The executive director, We the People, Ken Henshaw, at a training organised by Health of Mother Earth Foundation (HOMEF) for students of the School of Ecology on Extractivism, Climate Change and Food Crises, in Lagos, told NATIONAL ECONOMY that the extractivism in the oil and gas sector is fuelling global warming and climate change, due to an increase in greenhouse gases released into the atmosphere.
Henshaw listed major greenhouse gases that result from human activity as; Carbon Dioxide(CO2), Methane (CH4), Nitrous Oxide (N2O) and Industrial gases like Hydrofluorocarbons (HFCs), Perfluorocarbons (PFCs), Sulfur hexafluoride (SF6) and Nitrogen Trifluoride (NF3).
Generating electricity and heat by burning fossil fuels such as coal, oil and natural gas causes a large chunk of global emissions, Henshaw disclosed, adding that, most electricity is still produced from fossil fuels, only about a quarter comes from wind, solar and other renewable sources.
Fossil fuels like coal, oil and gas are by far the largest contributor to global climate change, accounting for over 75 per cent of global greenhouse gas emissions and nearly 90 per cent of all carbon dioxide emissions, he stated.
On the other hand, deforestation, which is a form of extractivism, is also fuelling climate change issues in Nigeria, Henshaw said, adding that, cutting down forests to get timber, create farms or pastures, or for other reasons, causes emissions.
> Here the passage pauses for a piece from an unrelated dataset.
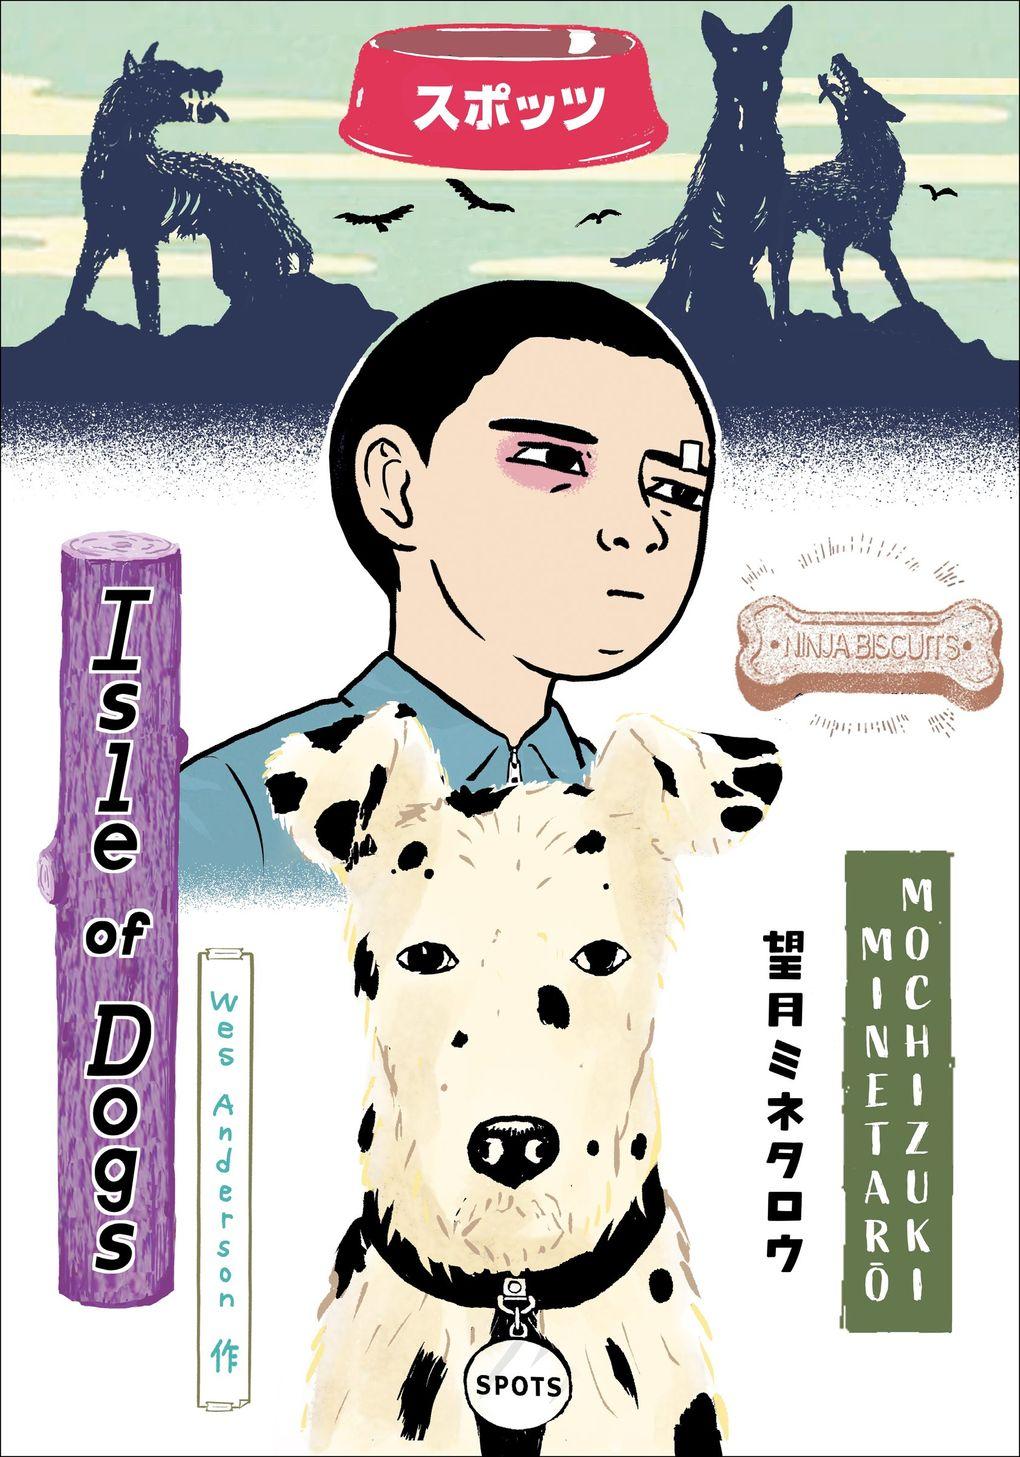 """""""Isle of Dogs"""" by Minetaro Mochizuki. (Penguin Random House)"""
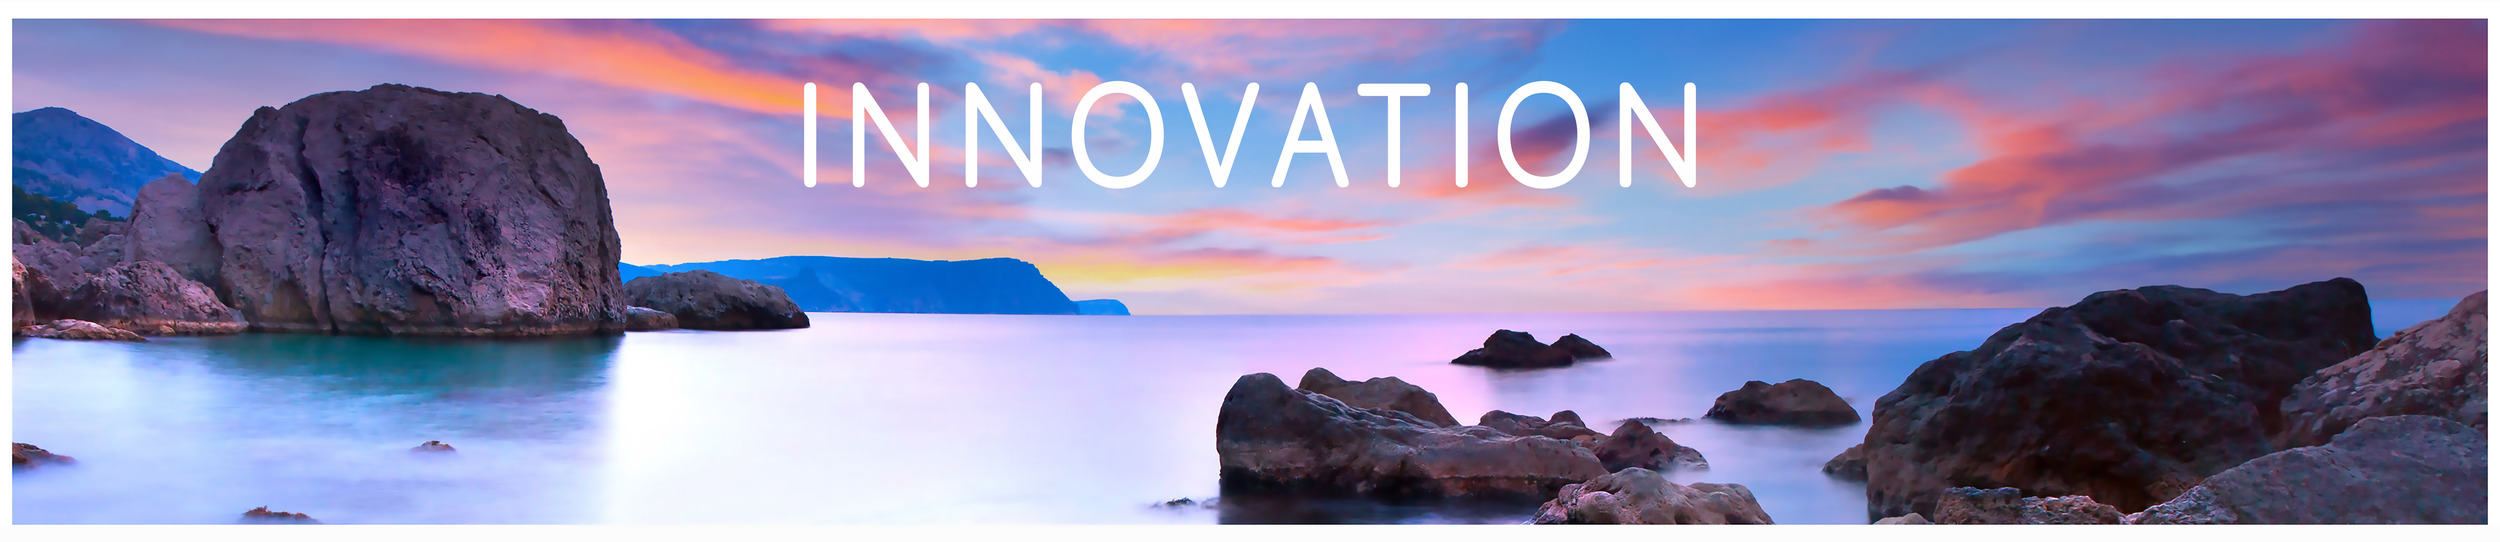 sunset lake - innovation 2.jpg

He revealed that, trees, when they are cut, release the carbon they have been storing, for thousands of years into the atmosphere.
A study titled: “The Past, Present And Future Outlook of the Wood Industry in Nigeria,” revealed that the building industry alone consumes about 80 per cent of Nigeria’s total annual timber production.
Since forests absorb carbon dioxide, destroying them also limits nature’s ability to keep emissions out of the atmosphere, Henshaw added.